Publié par Points (2001)
Ce roman a reçu le Prix Médecis étranger 2000.
N.B. : Je n'ai pas mis de photo de la couverture car je n'en ai trouvé aucune correspondante à l'édition actuelle.
24 juin 2008
Colombo Chicago / Mary Anne Mohanraj
Fait exceptionnel, cette lecture est une seconde lecture. J'avais déjà lu ce roman il y a deux ans. J'en avais gardé un sentiment positif mais aussi l'impression d'être quand même passé à côté de ma lecture. J'ai donc profité de sa très récente sortie en poche pour m'y replonger.

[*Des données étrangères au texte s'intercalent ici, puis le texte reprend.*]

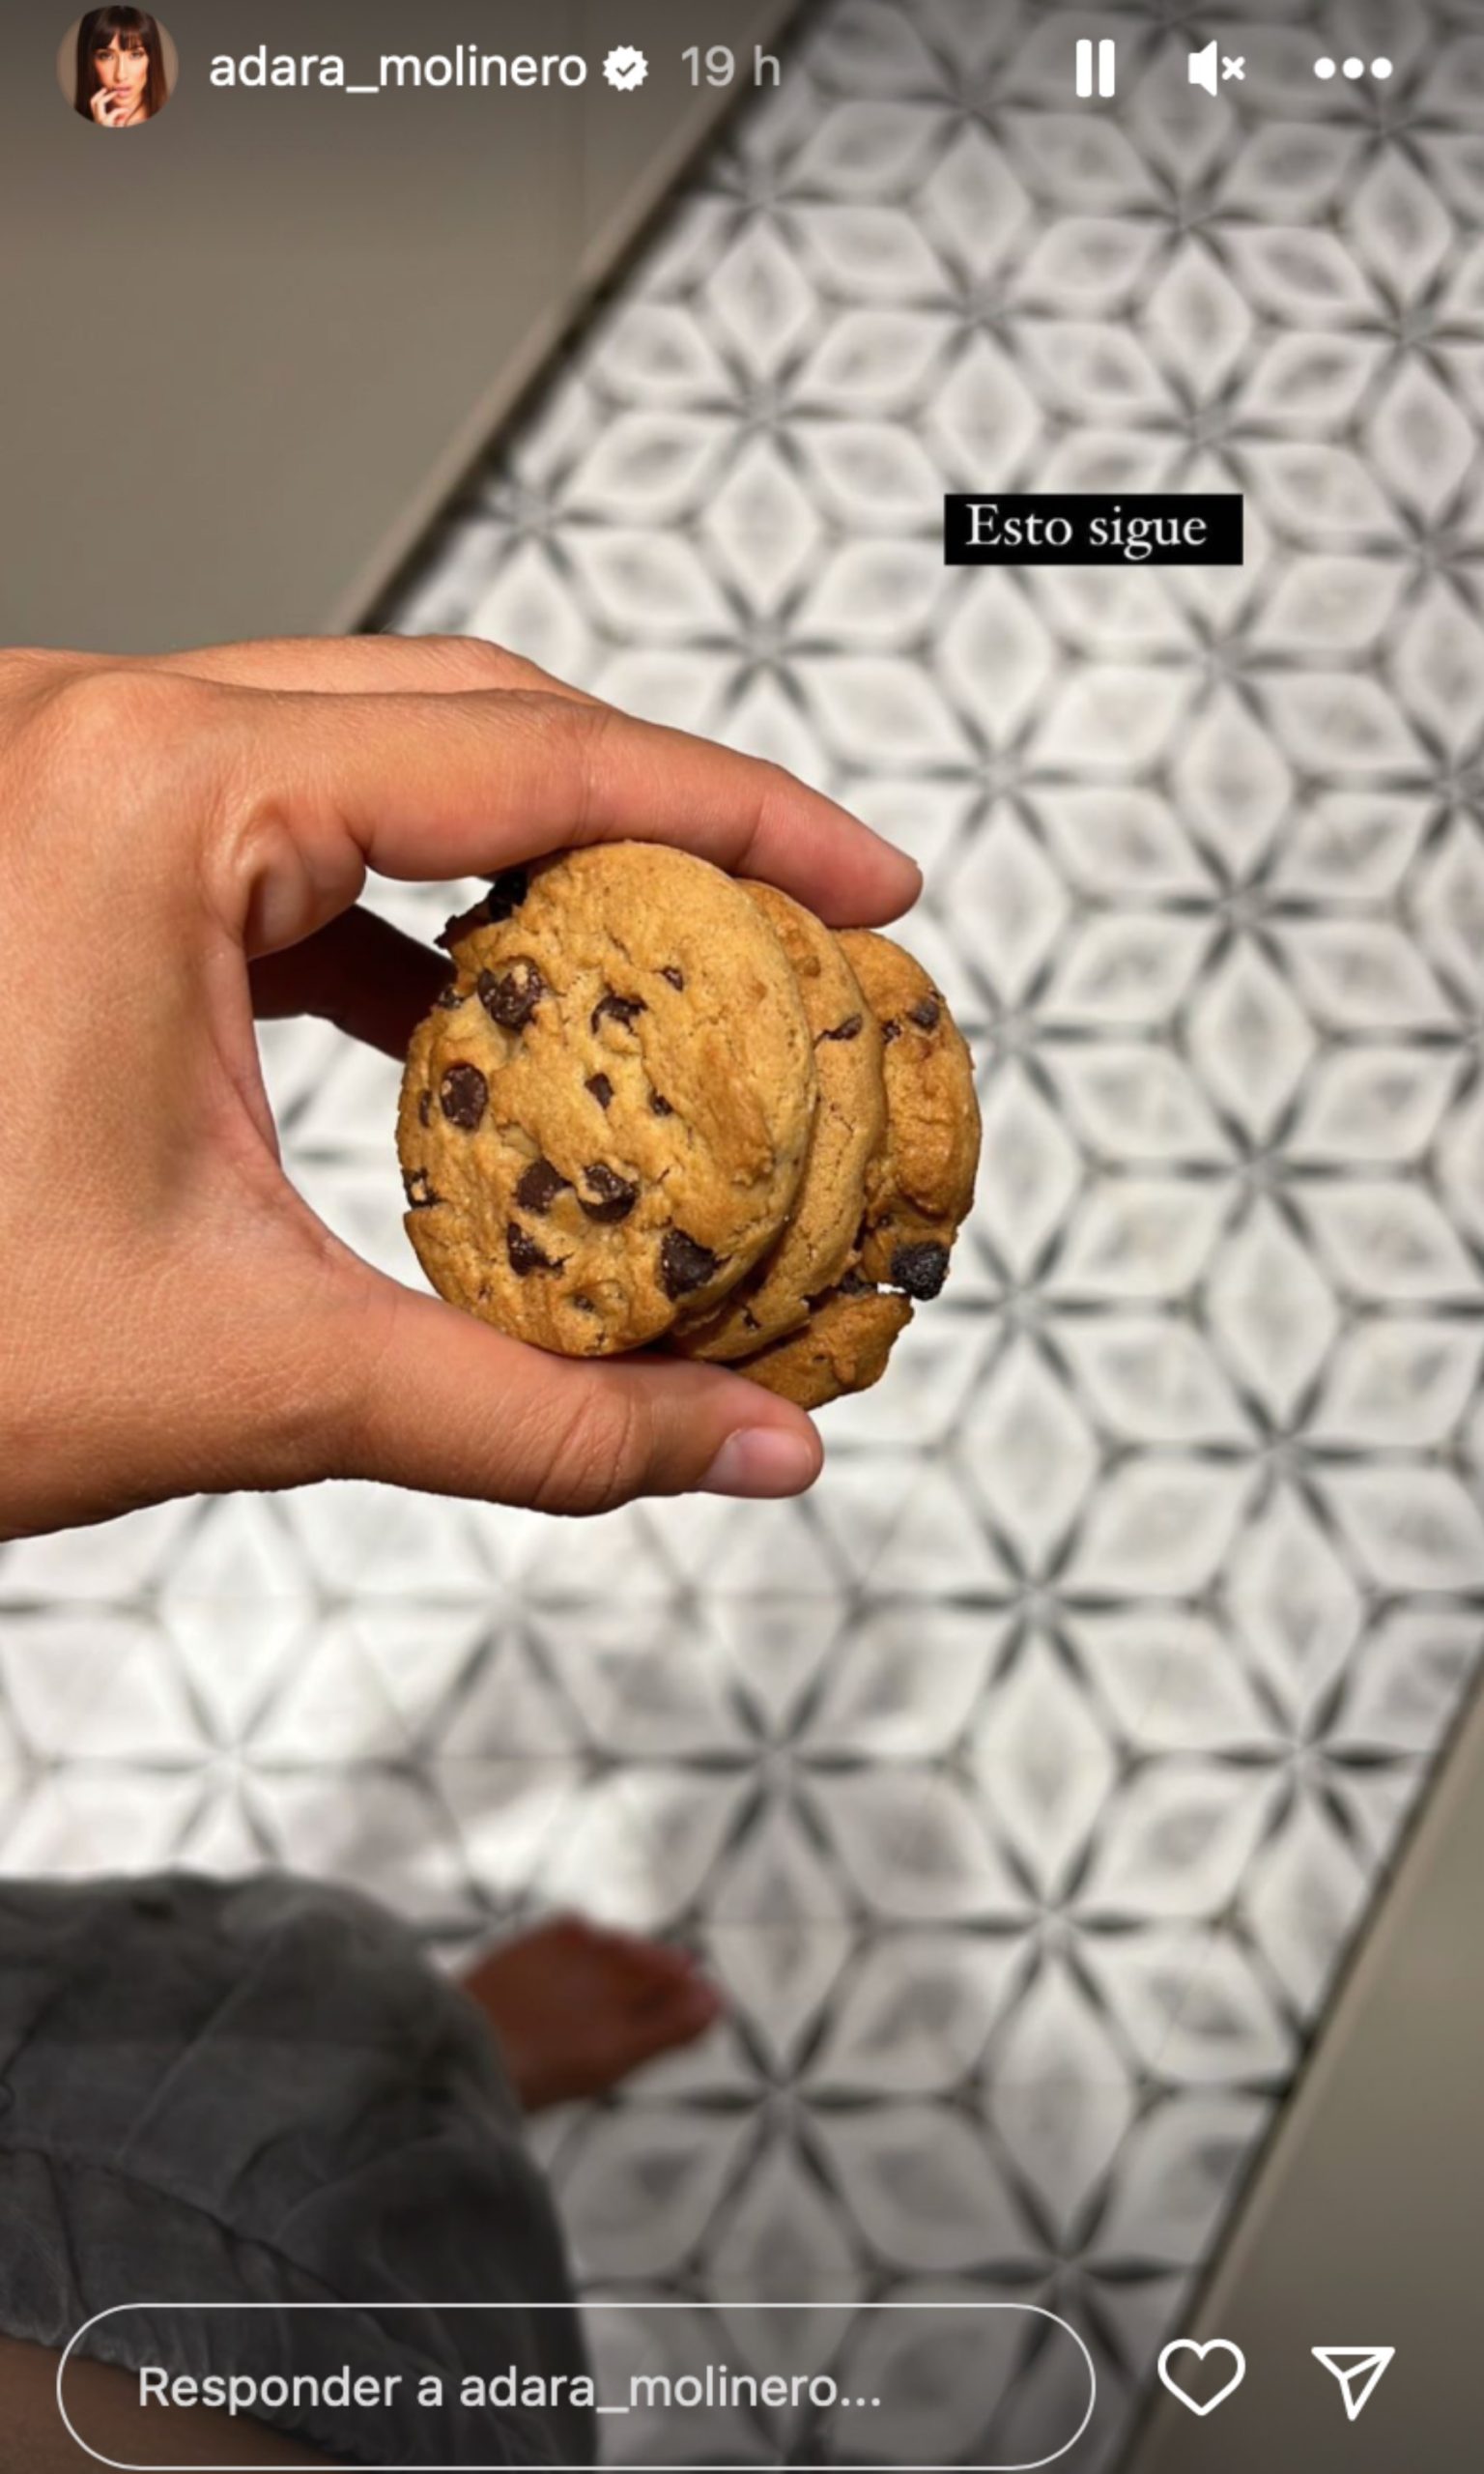 Mano de Adara Molinero sujetando unas galletas/ Instagram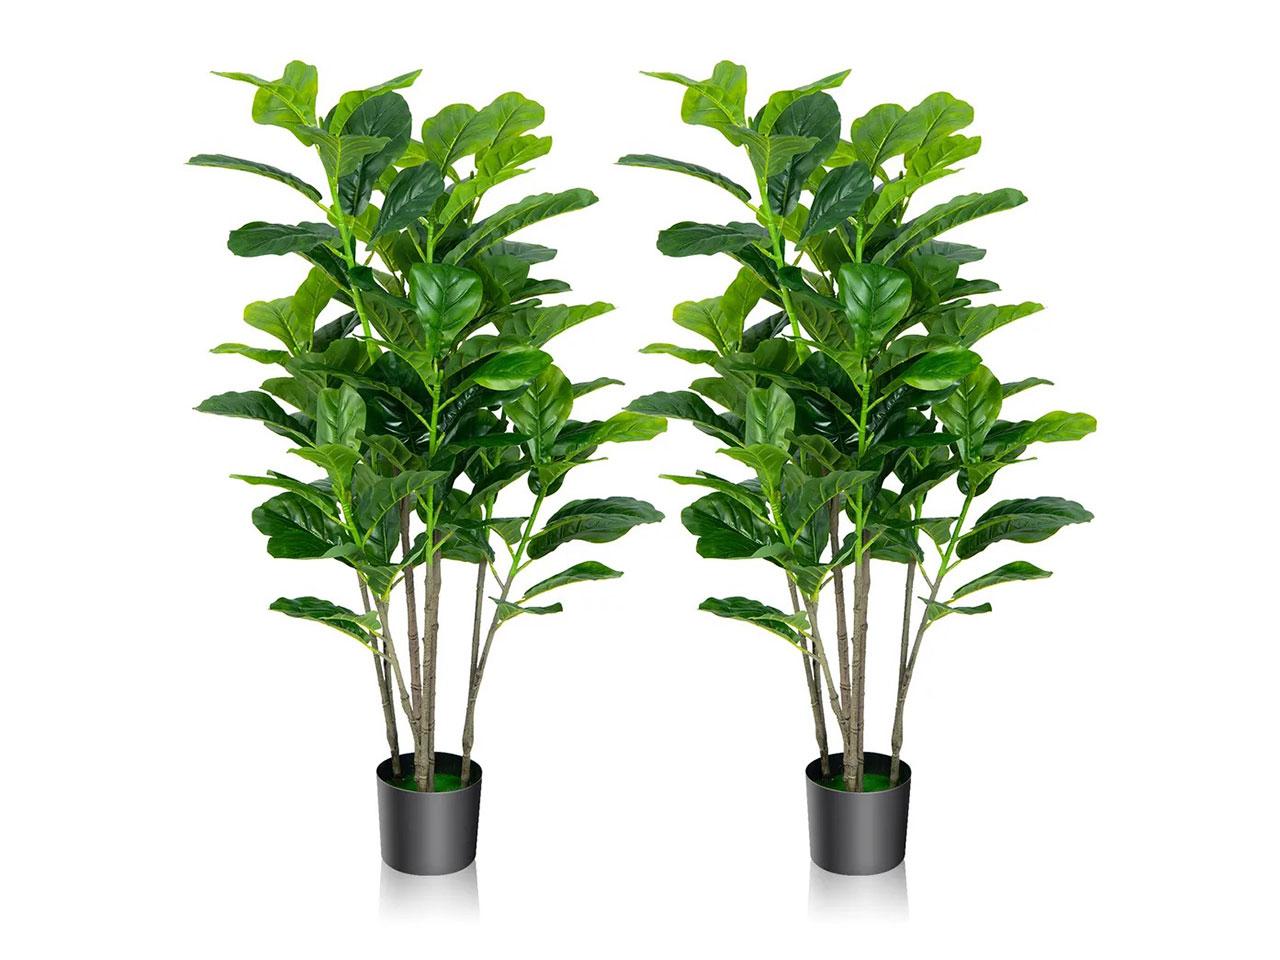 Sada 2 umělých rostlin HZ10077-2, fíkovník, dekorativní rostlina, pokojová rostlina, 130 cm 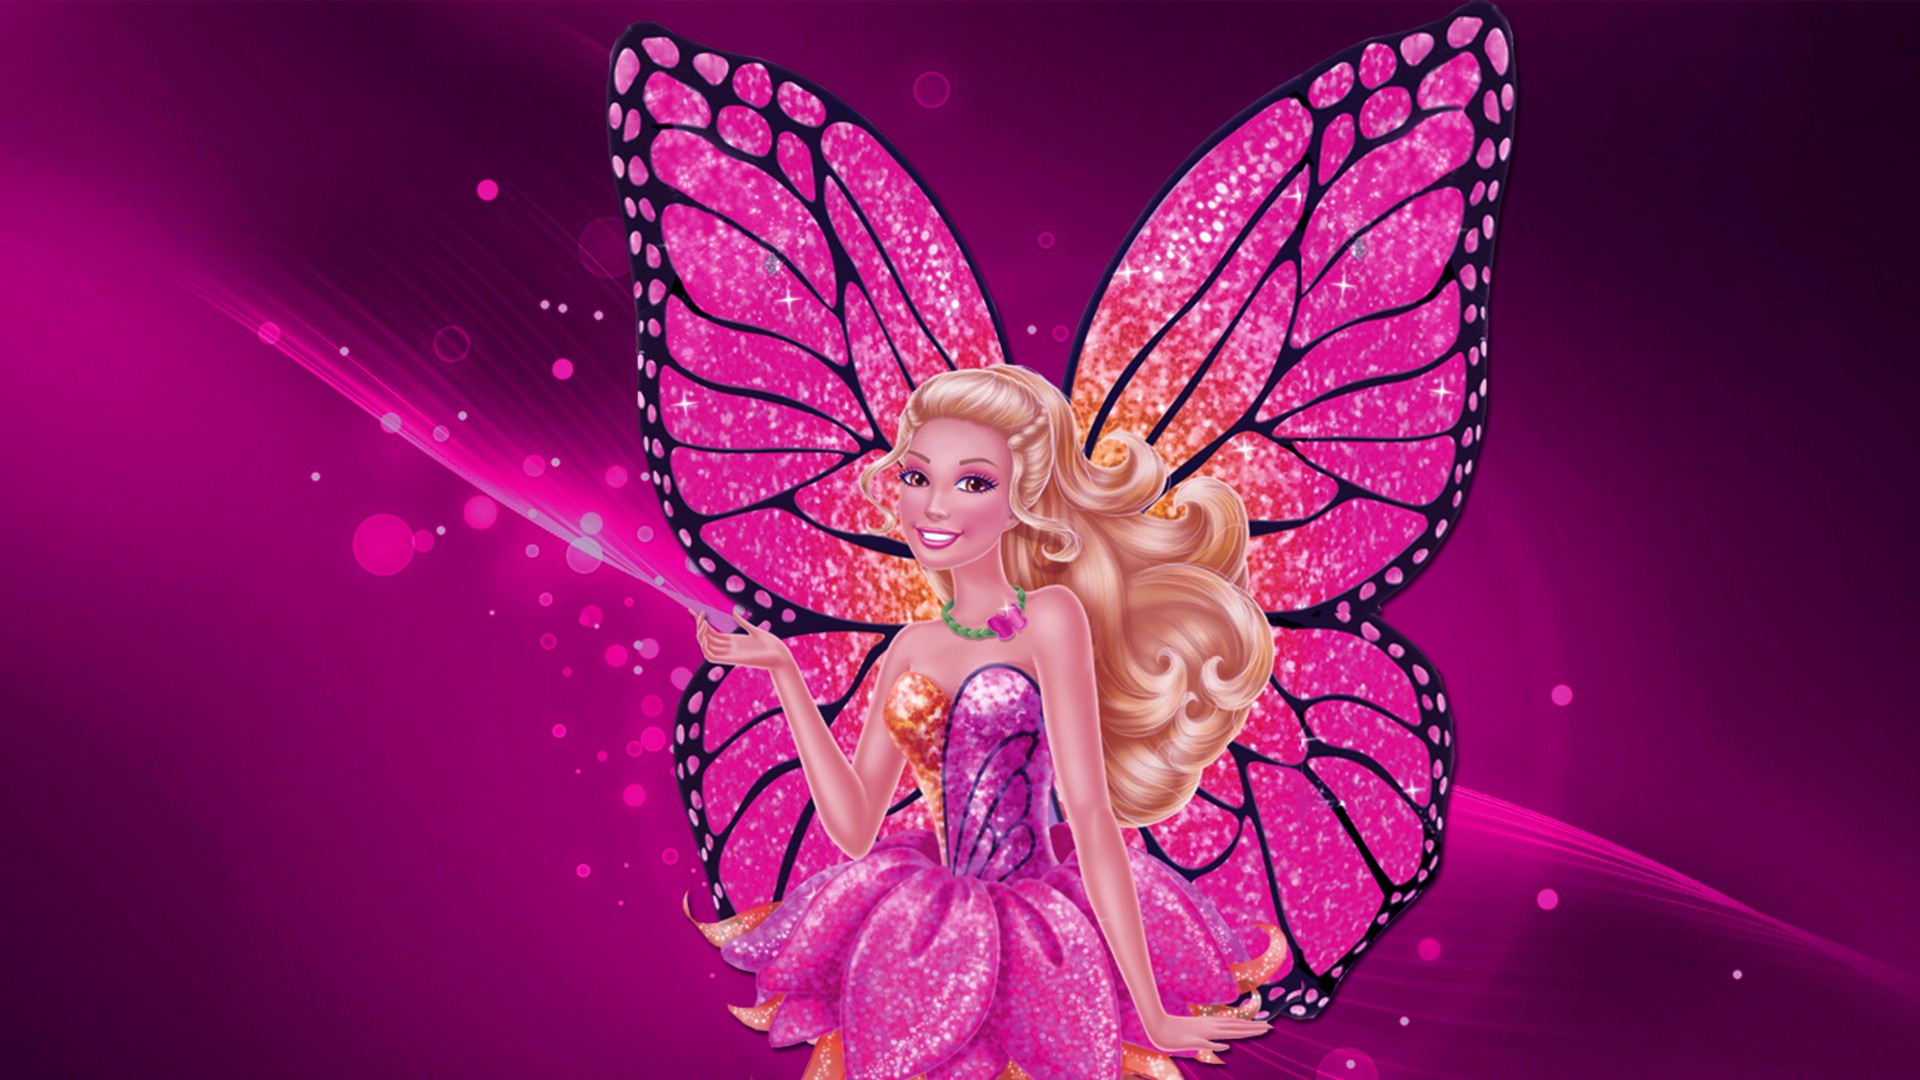 Wallpaper Dasktop Gambar Barbie 3d Image Num 83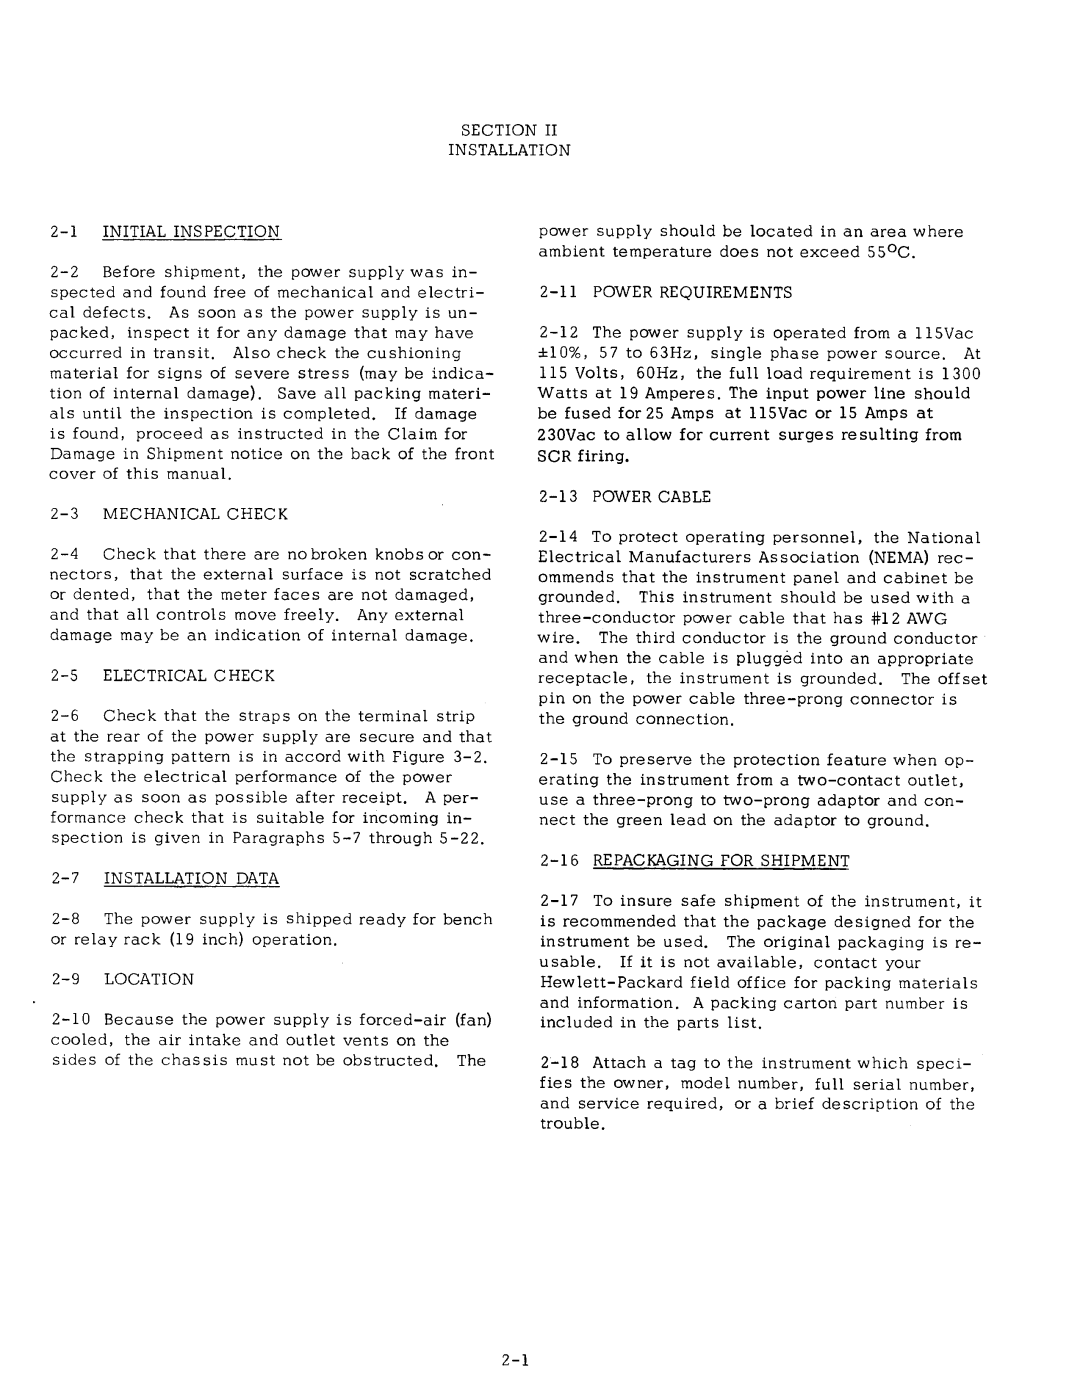 Agilent Technologies 0634-90001 service manual 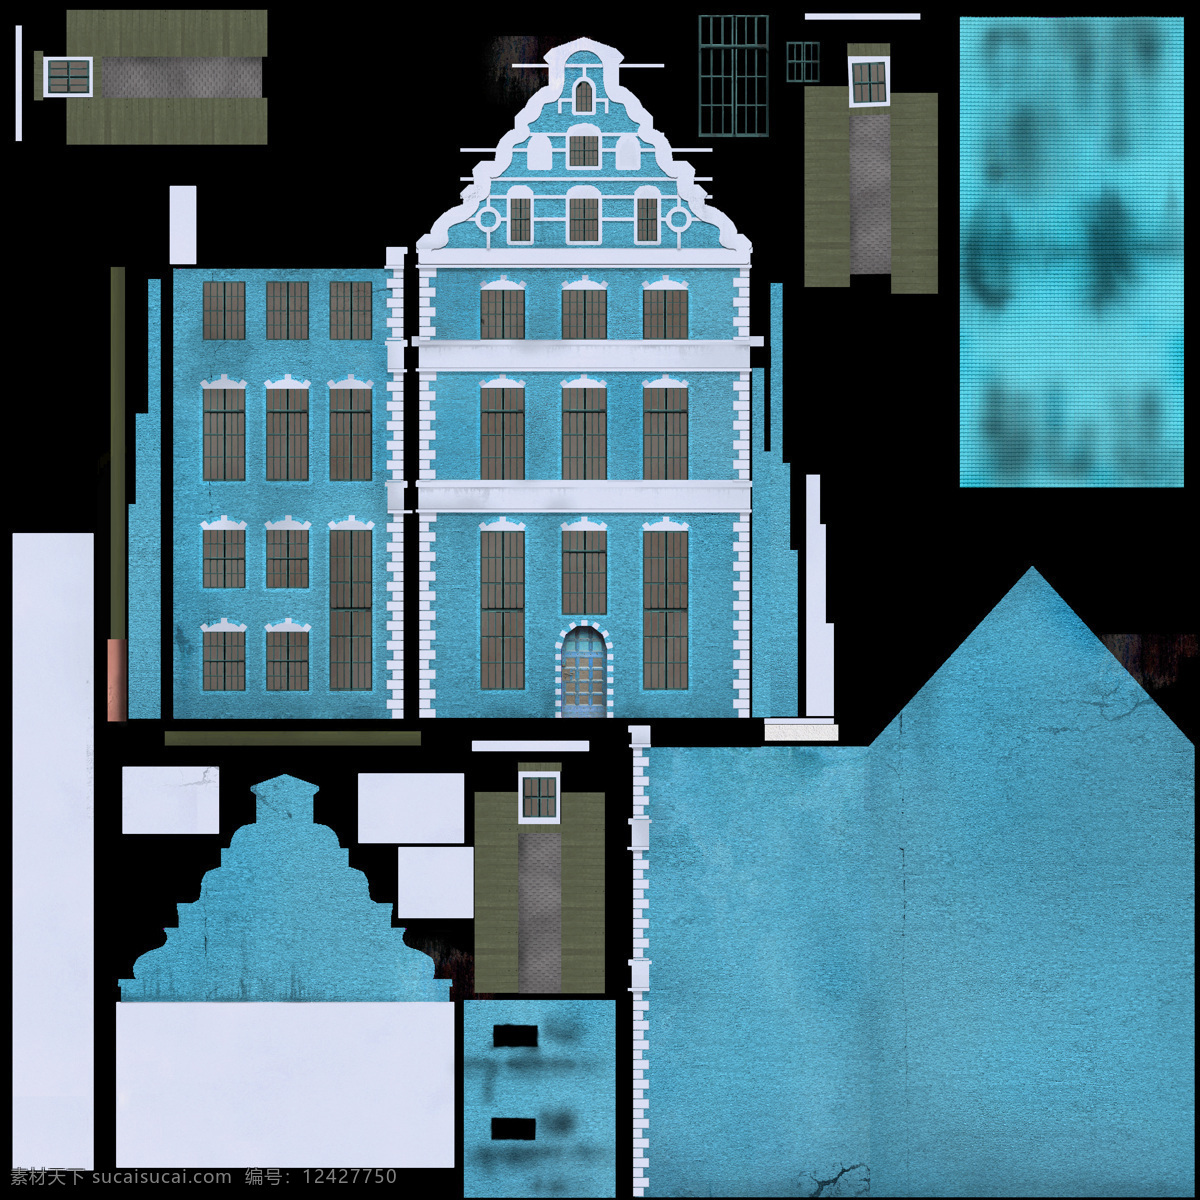 现代 欧式 建筑 场景 模型 矢量图 楼房 max

Le plongeon a duré 24 heures, une journée pendant laquelle j'étais réellement dans l'histoire.
Ce roman conte l'histoire de deux familles tamoules du Sri Lanka sur trois générations, entre le Sri Lanka et les Etats-Unis.
Tout commence en 1939 lorsque Thani, père de famille nombreuse, s'interroge sur l'avenir de sa fille préférée, Shanti. Sa femme, Bala, souhaite qu'elle fasse un mariage arrangé alors que Thani la voit étudiante. Shanti finit par partir pour l'Angleterre où elle fait la connaissance d'un jeune Sri Lankais qu'elle épouse. Le couple part s'installer aux Etats-Unis où il élève six filles. Leurs filles sont un mélange d'Orient et d'Occident. Certaines manifestent une volonté d'indépendance et d'émancipation, parfois au grand dam des parents qui veulent éviter les scandales. D'autres sont respectueuses des traditions et acceptent le mariage arrangé avec un inconnu.
C'est un très beau roman, qui met surtout en avant les personnages féminins. Ce sont donc des portraits de femmes indépendantes ou respectueuses des traditions. Ce sont les histoires de deux familles qui doivent trouver un équilibre, à cheval sur deux pays et entre tradition et modernité.